START Material provided
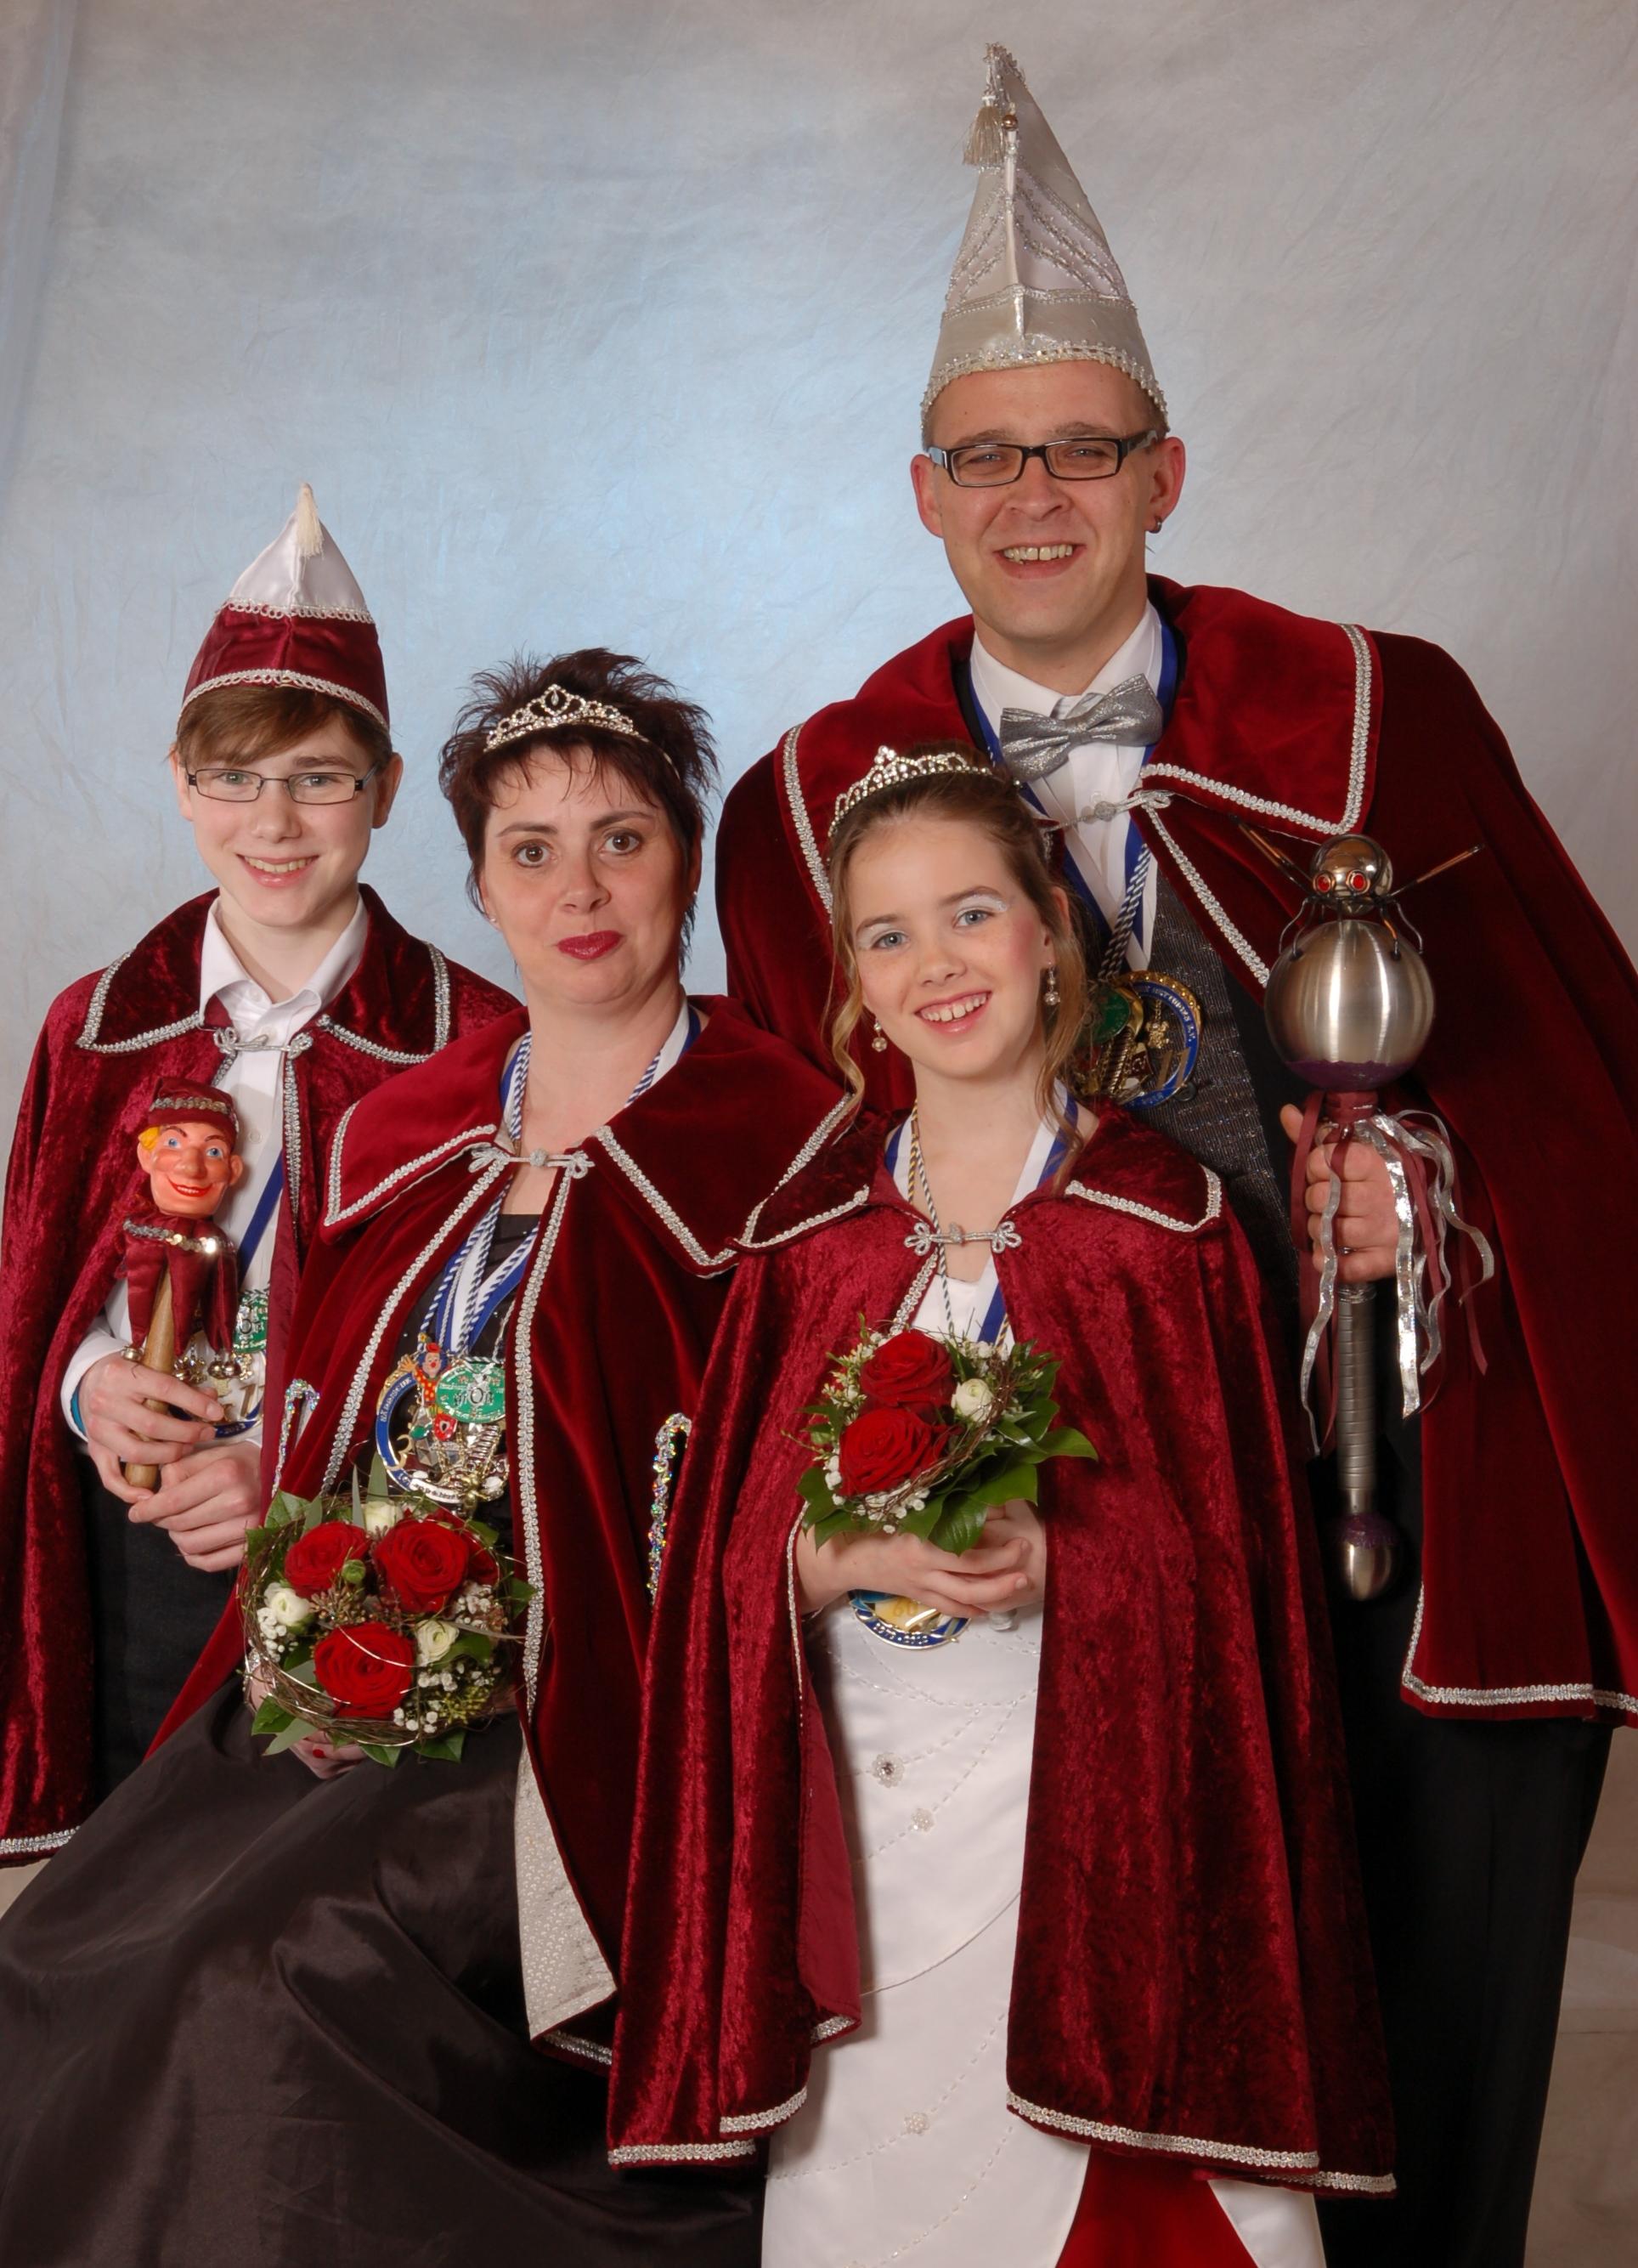 Faschingsprinzessing Tanja I. mit Dirk I. und dem Kinderprinzenpaar Alina I. und Bastian I.
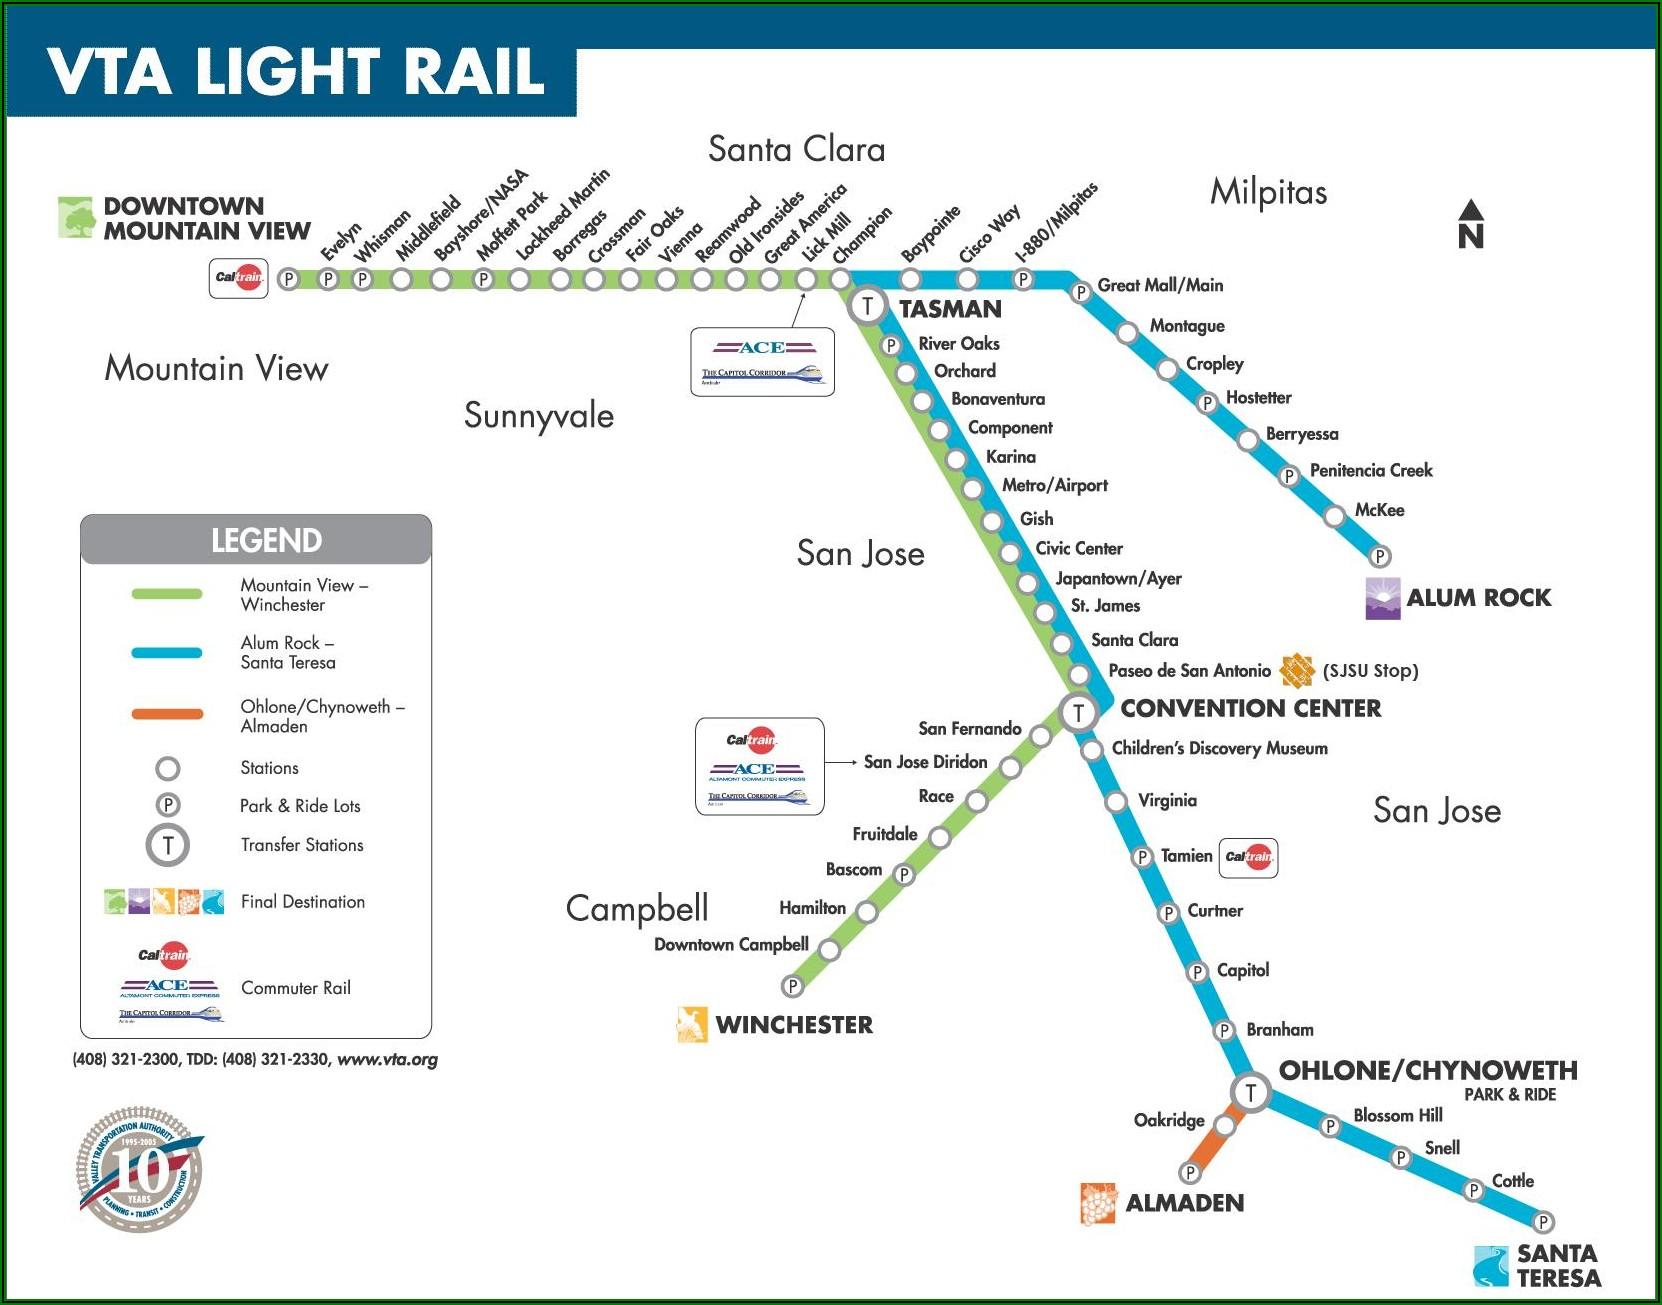 Vta Light Rail Map
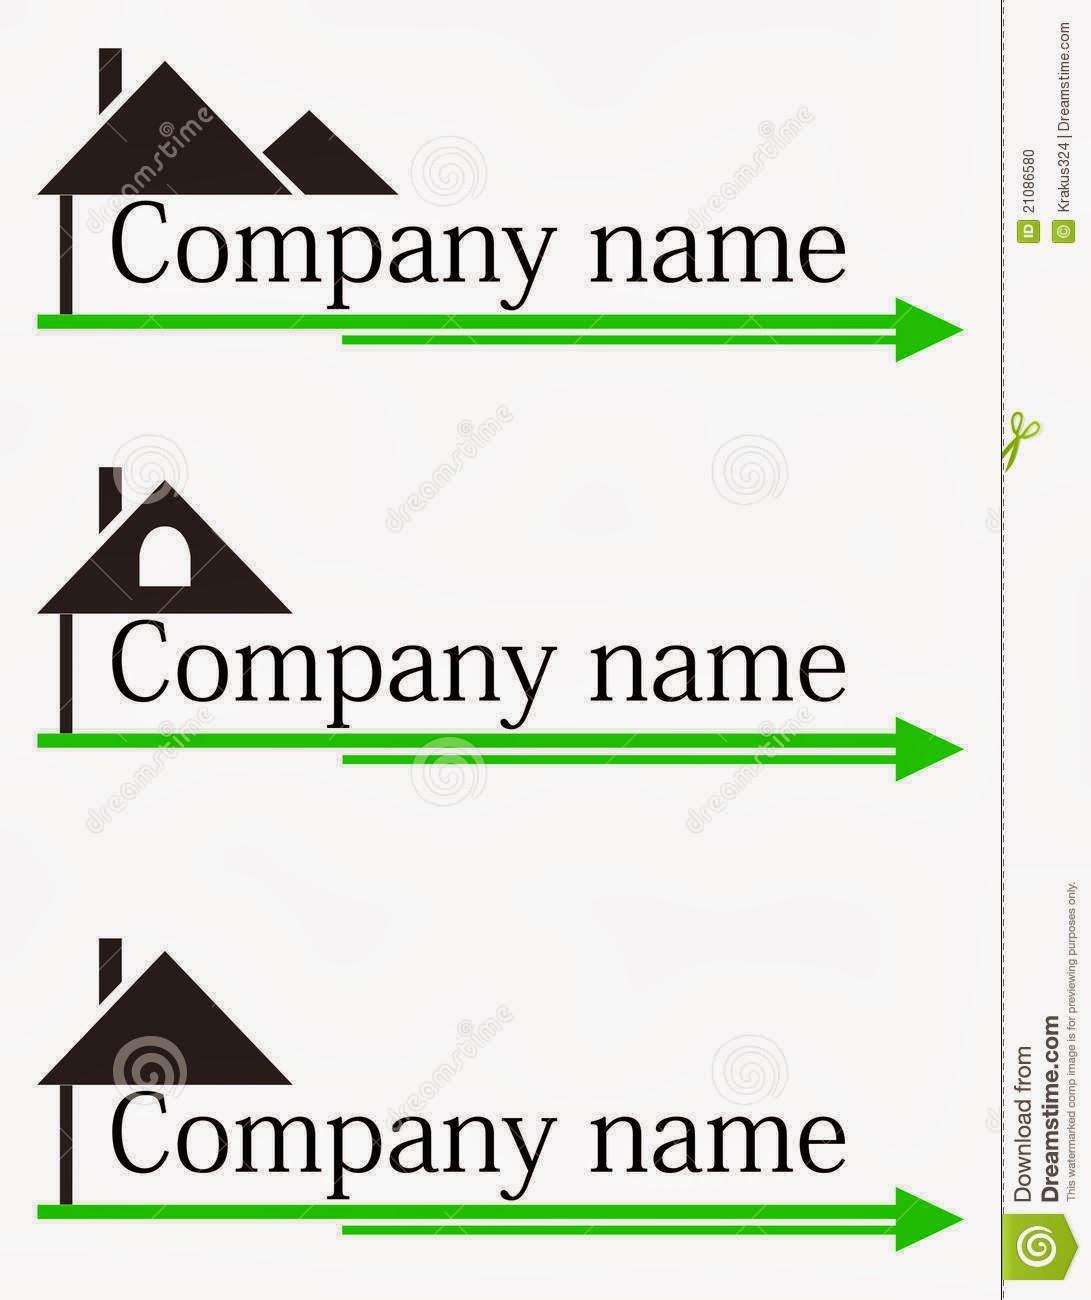 Building Company Logos - Automotive Car Center
END Material provided
- What the task requires
Exactly as written, give again every line from the one containing "Vta Light Rail Map" through the last line of the material, both included, with the pictures left out.

- Solved problem
 Vta Light Rail Map
 Building Company Logos - Automotive Car Center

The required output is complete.